By using unlogged tables we can insert rows at a higher rate compared with a normal table. But there is a trade-off.
Activity for normal tables is logged to the write-ahead log (WAL). Creating a table as
unlogged and skipping the WAL process means rows can generally be inserted at a higher rate, but with the possibility of data loss if the database crashes or shuts down without a full shutdown.
In the article How to test unlogged tables for performance in PostgreSQL they demonstrate how the database can be shutdown and truncate an unlogged table.
Unlogged tables are normal tables, but with an
UNLOGGED option supplied at creation time.
Returning data from a query
returning clause will return the selected rows from a query, all fields with
returning *, whether it’s an update or in this case a
So combining unlogged tables,
returning *, with the intention of inserting items in bulk, we can insert 10 million rows in a single statement as follows below.
How about a simple benchmark?
Let’s create a links table that has a url and name but just use numbers with
generate_series as the values.
Creating a normal logged table like this and inserting 10 million items takes around 33 seconds on my laptop.
CREATE table links (url VARCHAR(255), name VARCHAR(255)); INSERT INTO links (url, name) VALUES (generate_series(1,10000000), 1); INSERT 0 10000000 Time: 32998.938 ms (00:32.999)
Now let’s do the same thing with an unlogged table.

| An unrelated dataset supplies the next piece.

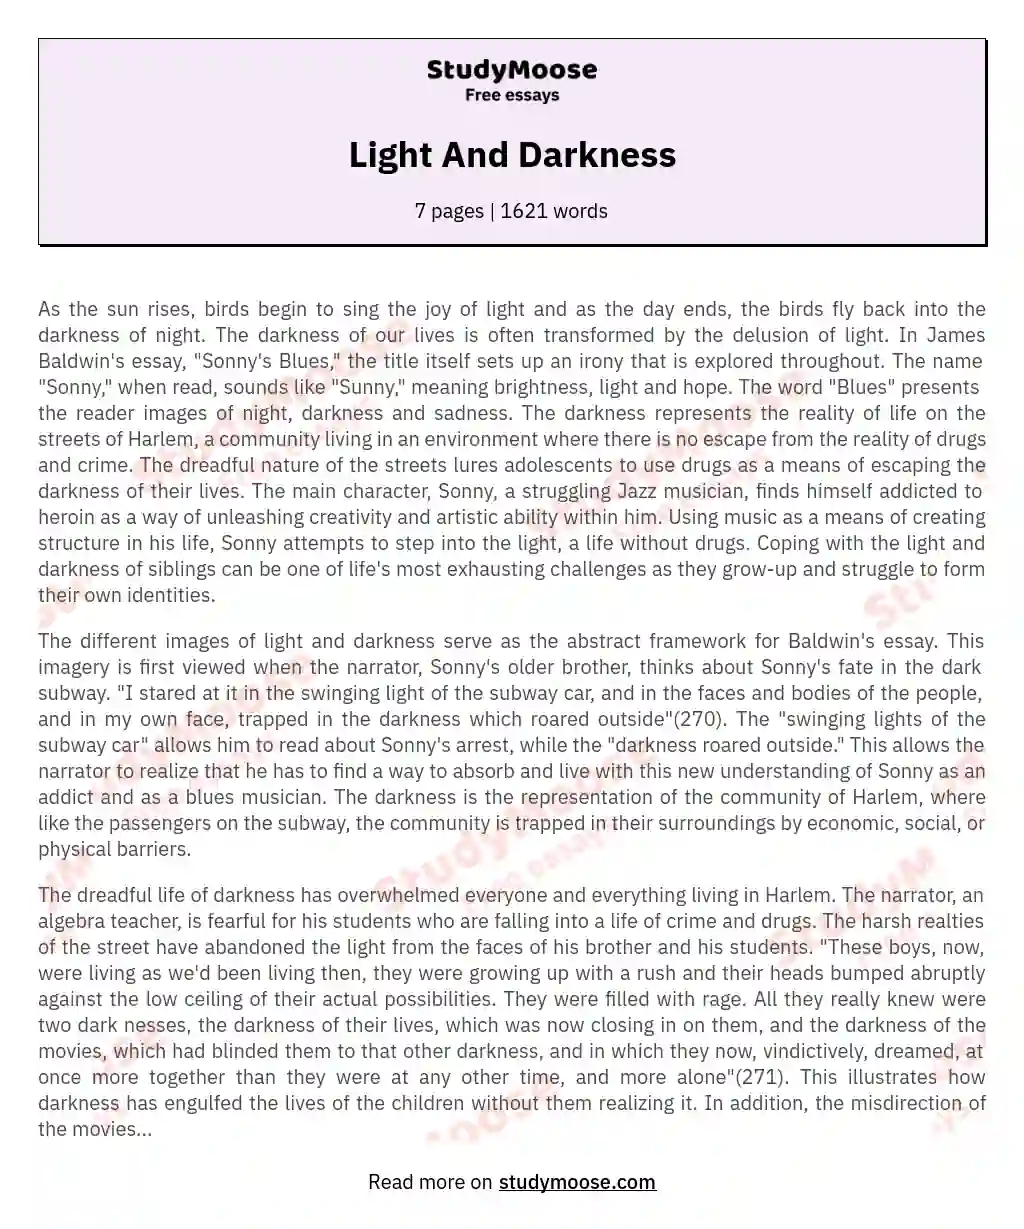 Light And Darkness essay

After trying this a few times, it’s around 2x faster to insert the same amount of items this way.
CREATE UNLOGGED table unlogged_links (id serial, url VARCHAR(255), name VARCHAR(255)); INSERT INTO unlogged_links (url, name) VALUES (generate_series(1,10000000), 1); INSERT 0 10000000 Time: 18566.592 ms (00:18.567)
So we can reproduce the insert rate benefits in a simple table, at least one with no auto incrementing primary key or any indexes.
How about the bulk insert?
Inserting in bulk
We know that inserting multiple rows at once is faster than inserting single rows because we are saving the overhead of a transaction per insert.
However if we plan to insert in bulk, we need an intermediate place to store the items. We can use the unlogged table.
We could store the rows in the unlogged table and then periodically flush them all of them out in a bulk insert.
In order to avoid the rows existing in both places, we can delete from the unlogged table and use
returning * to access the row contents.
So the process could look like this.
WITH deleted AS ( DELETE from unlogged_links RETURNING * ) INSERT into links (url, name) SELECT url, name from deleted;
Running this, we can actually insert all 10 million rows from the unlogged table into the normal table in a single statement.
INSERT 0 10000000 Time: 67158.109 ms (01:07.158)
This statement ran in a little over a minute on my machine.
In this post we covered unlogged tables, the
returning clause, and bulk inserts.
This strategy may not actually be useful in practice, but I thought it was interesting to learn more about unlogged tables and think about how they might be used as a temporary store.
Alternative approaches might be to temporarily store data in a non-relational database like Redis and then periodically flush it to PostgreSQL.
Also, if the requirements are to insert bulk data at the outset, using
\copy and reading from a file will be even faster and is more common. Check out Faster bulk loading in Postgres with copy.